A penalized estimation method for interval-censored data based on the adaptive-ridge procedure

Nom de l'orateur
Olivier Bouaziz
Etablissement de l'orateur
Université Paris Decartes
Date et heure de l'exposé
Lieu de l'exposé

In this talk we consider the estimation and inference problem of interval censored data. These types of data arise when patients are followed-up at different visits and the exact occurence of the event of interest is unknown. Instead, one only knows that the event has occurred between two time visits. These data also encompass left-censored observations (when the event has occurred before the first visit) and right-censored data (when the event has not yet occurred after the last follow-up time). We study the nonparametric and regression settings by specifying a piecewise constant function for the hazard rate. Treating the true event times of interest as unobserved data, the EM algorithm is implemented. In order to determine the number and locations of the cuts of the hazard function, a L0 penalized likelihood method is used, such that a large grid of cuts is initially implemented and the penalization technique forces two similar adjacent values to be equal. Statistical inference of the model parameters are derived from likelihood theory. The method is illustrated on a dental dataset where 322 patients with 400 avulsed and replanted permanent teeth were followed-up prospectively in the period from 1965 to 1988 at the university hospital in Copenhagen, Denmark.
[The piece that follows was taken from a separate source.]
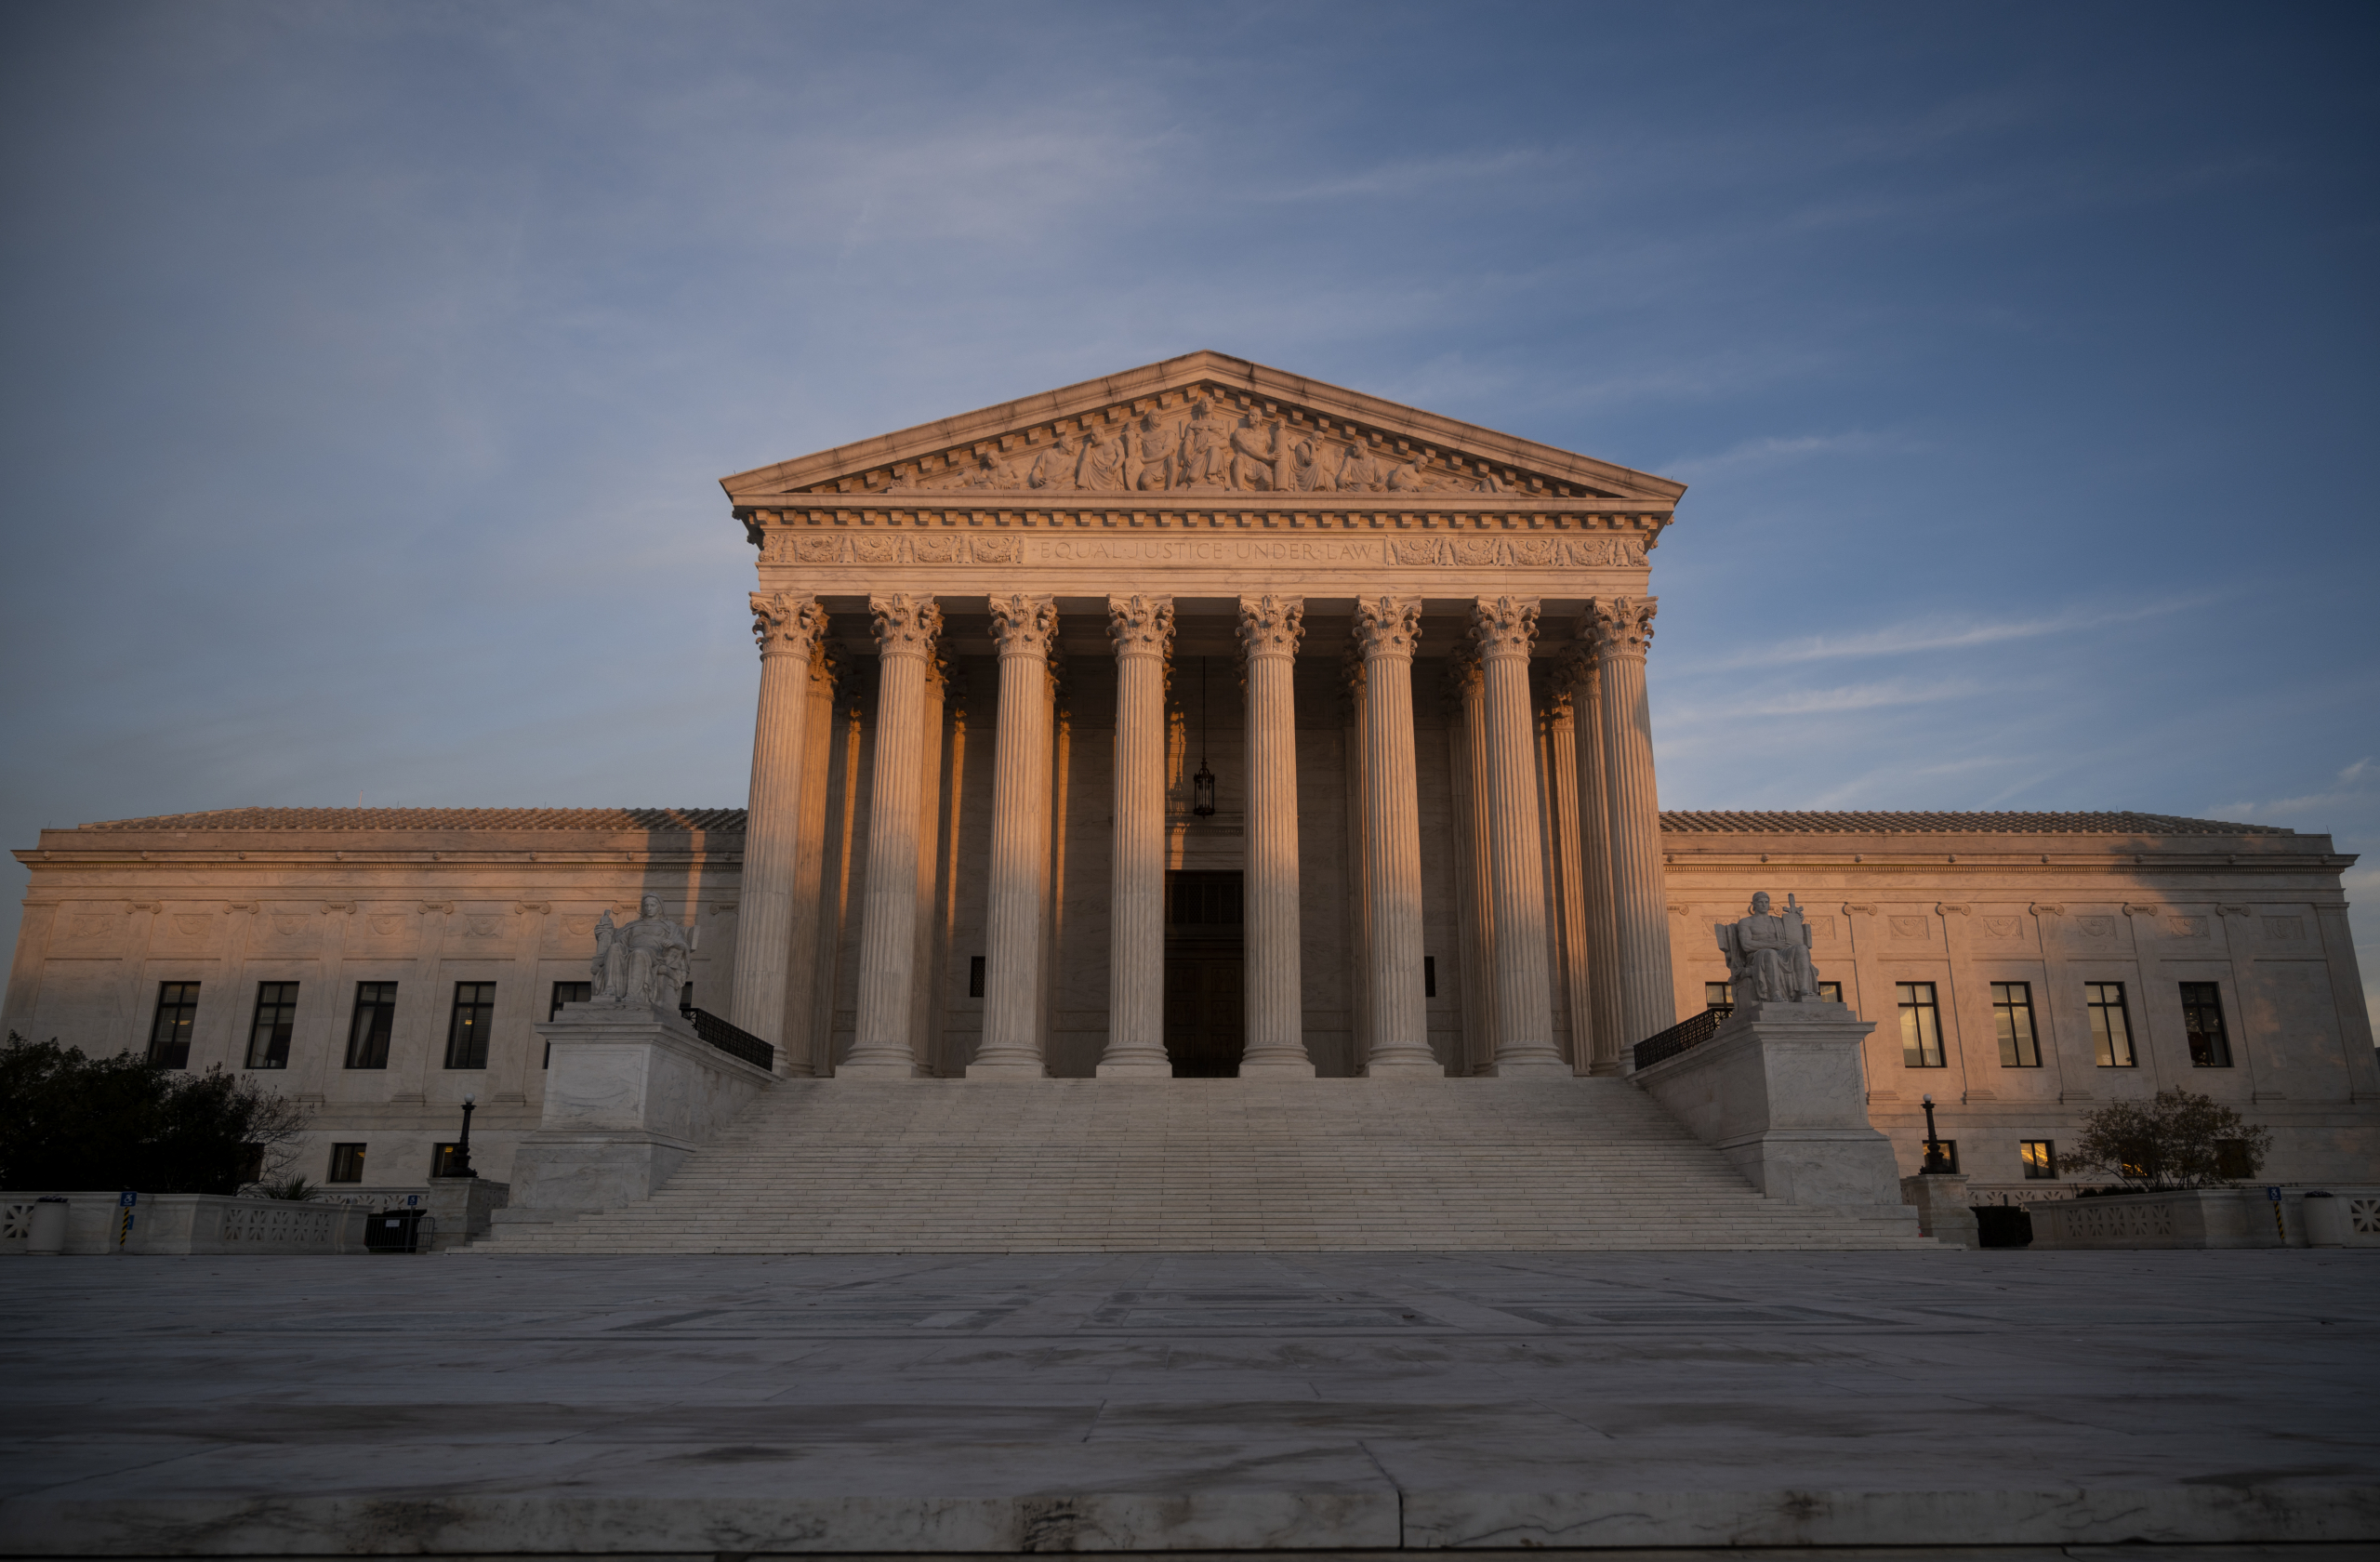 Final Report on SCOTUS Reform Released – READ IN FULL

The following replantation procedure was used: the avulsed tooth was placed in saline as soon as the patient was received at the emergency ward. If the tooth was obviously contaminated, it was cleansed with gauze soaked in saline or rinsed with a flow of saline from a syringe. The tooth was replanted in its socket by digital pressure. The patients were then examined at regular visits to the dentist. In this study, we focused on a complication called ankylosis such that the variable of interest is the time from replantation of the tooth to ankylosis. 28% of the data were left censored, 35.75% were interval censored and 36.25% were right censored. A Cox model was implemented on this dataset and showed that the stage of root formation (mature or immature tooth) and the length of extra-alveolar storage time were significantly associated with the risk of experiencing ankylosis.

This is a joint work with Grégory Nuel (DR CNRS, LPSM, Paris 6) and Eva Lauridsen (Department of Pediatric Dentistry and Clinical Genetics, School of Dentistry, University of Copenhagen).